Supplied material:

----------------------------------------

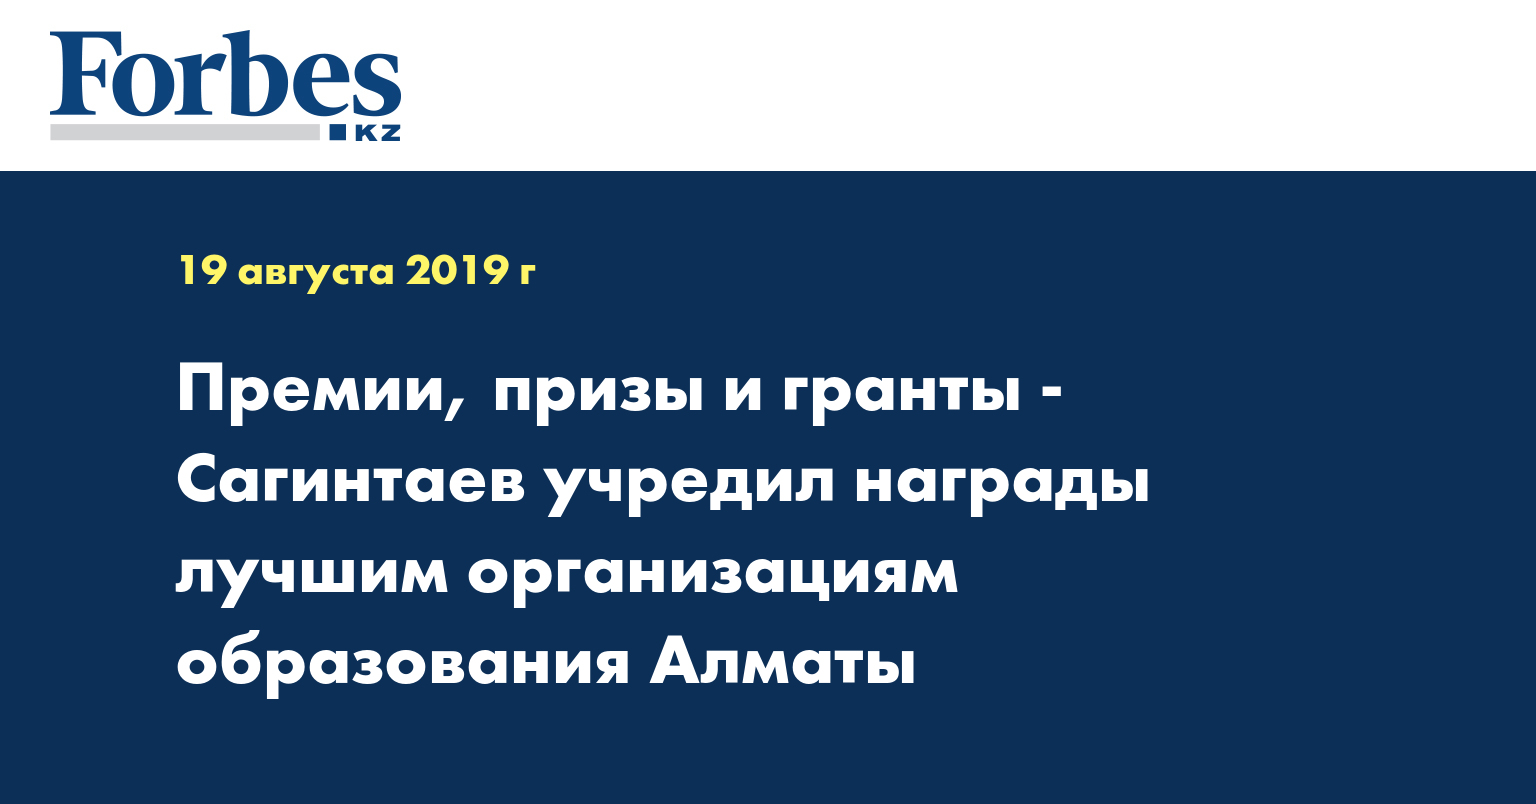 Премии, призы и гранты - Сагинтаев учредил награды лучшим организациям образования Алматы
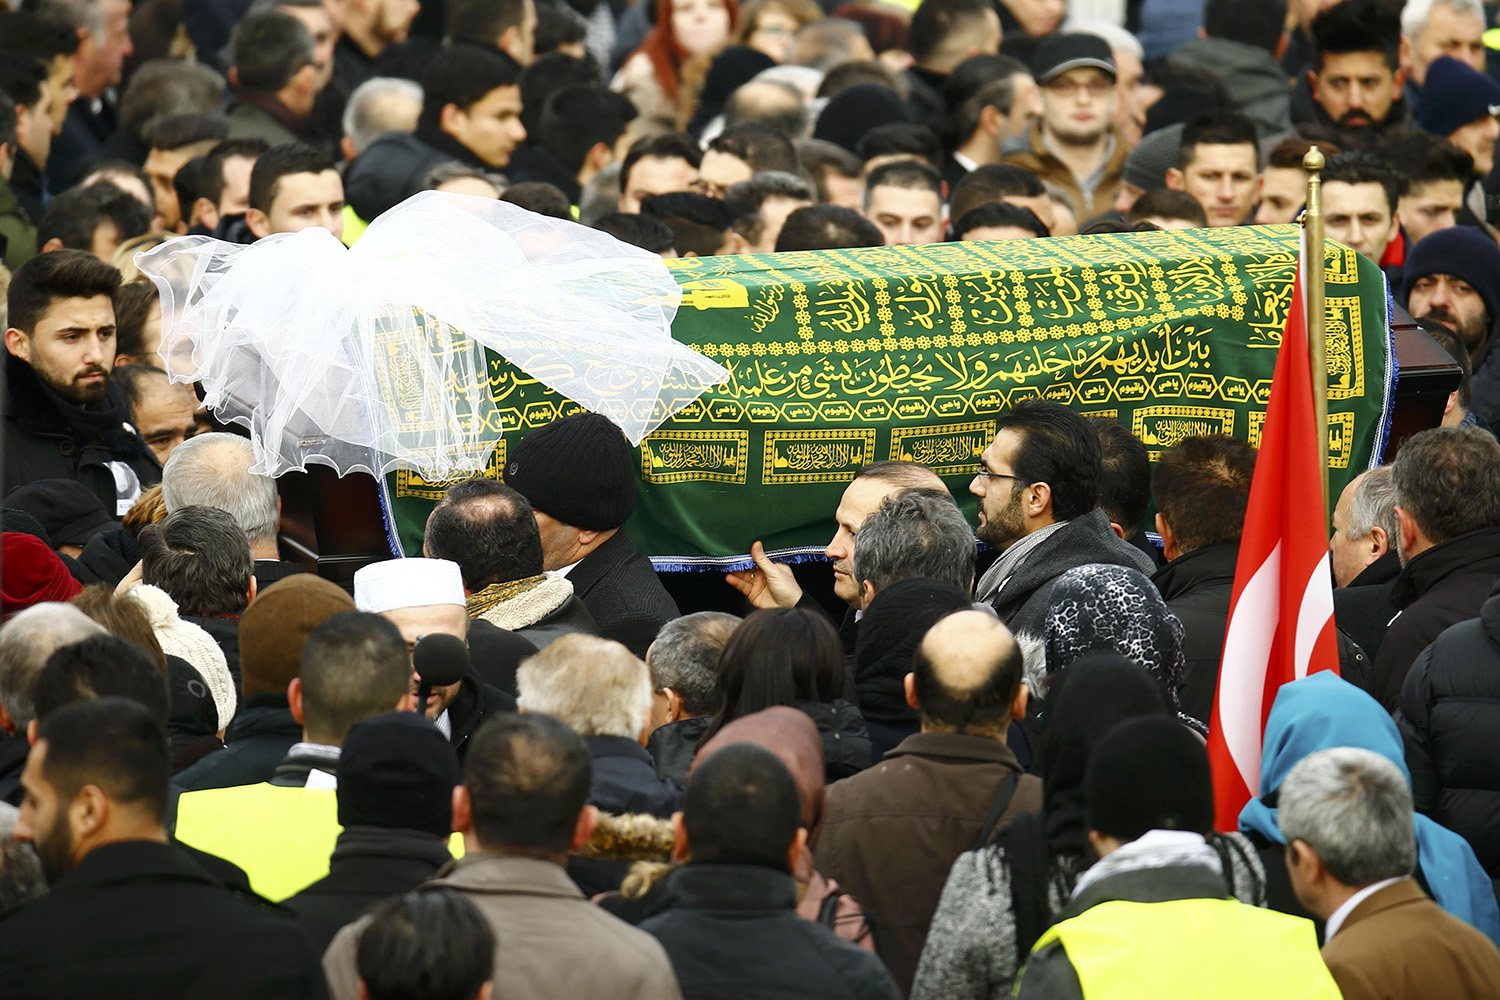 El funeral de Tugce Albayrak en Alemania ha estado muy concurrido
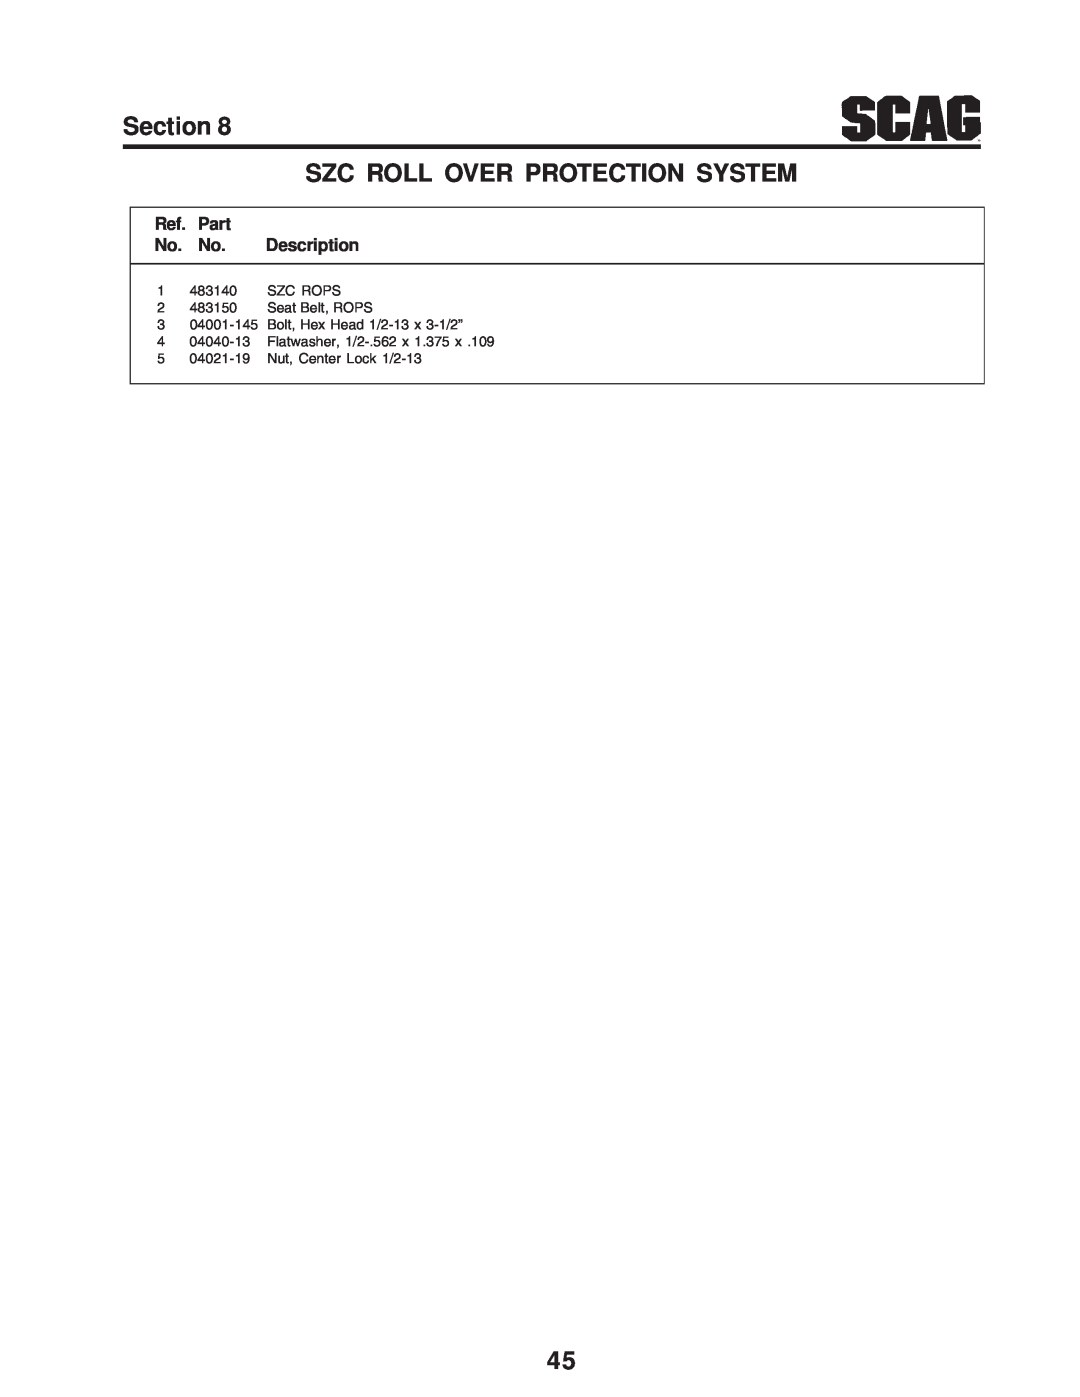 Scag Power Equipment manual Ref. Part No. No. Description, 1 483140 SZC ROPS 2 483150 Seat Belt, ROPS 
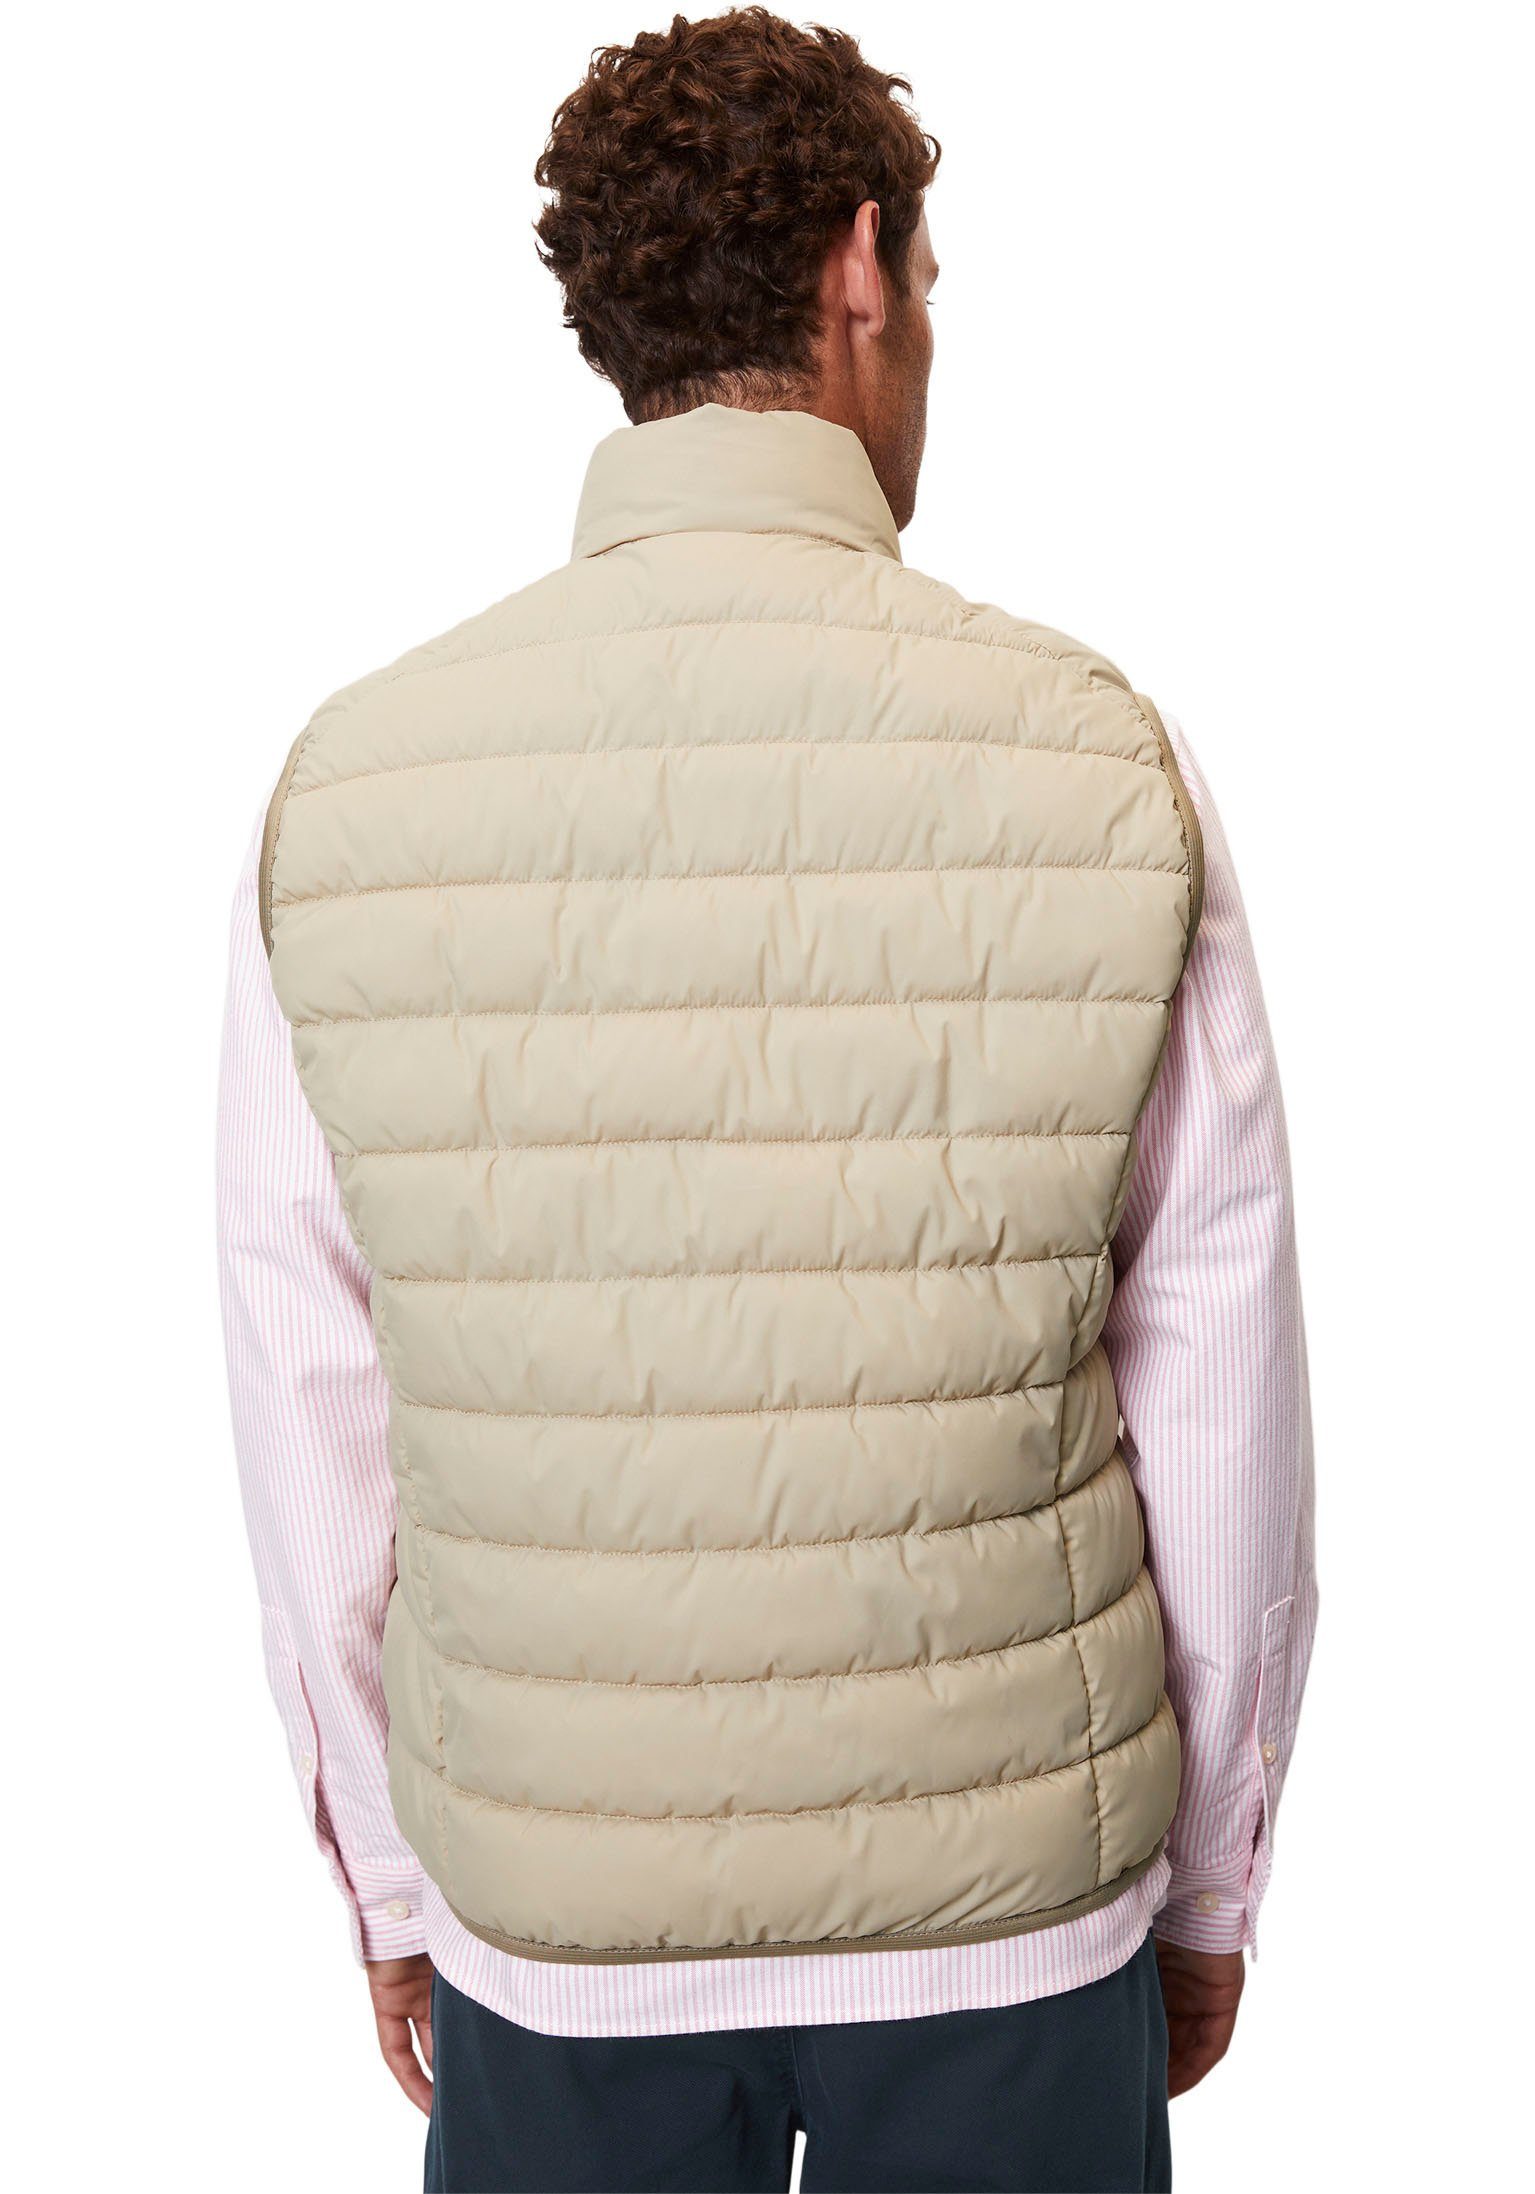 Marc O'Polo Steppweste Vest, sdnd, jonesboro collar Oberfläche mit wasserabweisender cream stand-up

----------------------------------------

Task to carry out:
Give the data above again, exactly, with every picture removed.

Task answer:
 Премии, призы и гранты - Сагинтаев учредил награды лучшим организациям образования Алматы
 El funeral de Tugce Albayrak en Alemania ha estado muy concurrido
 Scag Power Equipment manual Ref. Part No. No. Description, 1 483140 SZC ROPS 2 483150 Seat Belt, ROPS 
 Marc O'Polo Steppweste Vest, sdnd, jonesboro collar Oberfläche mit wasserabweisender cream stand-up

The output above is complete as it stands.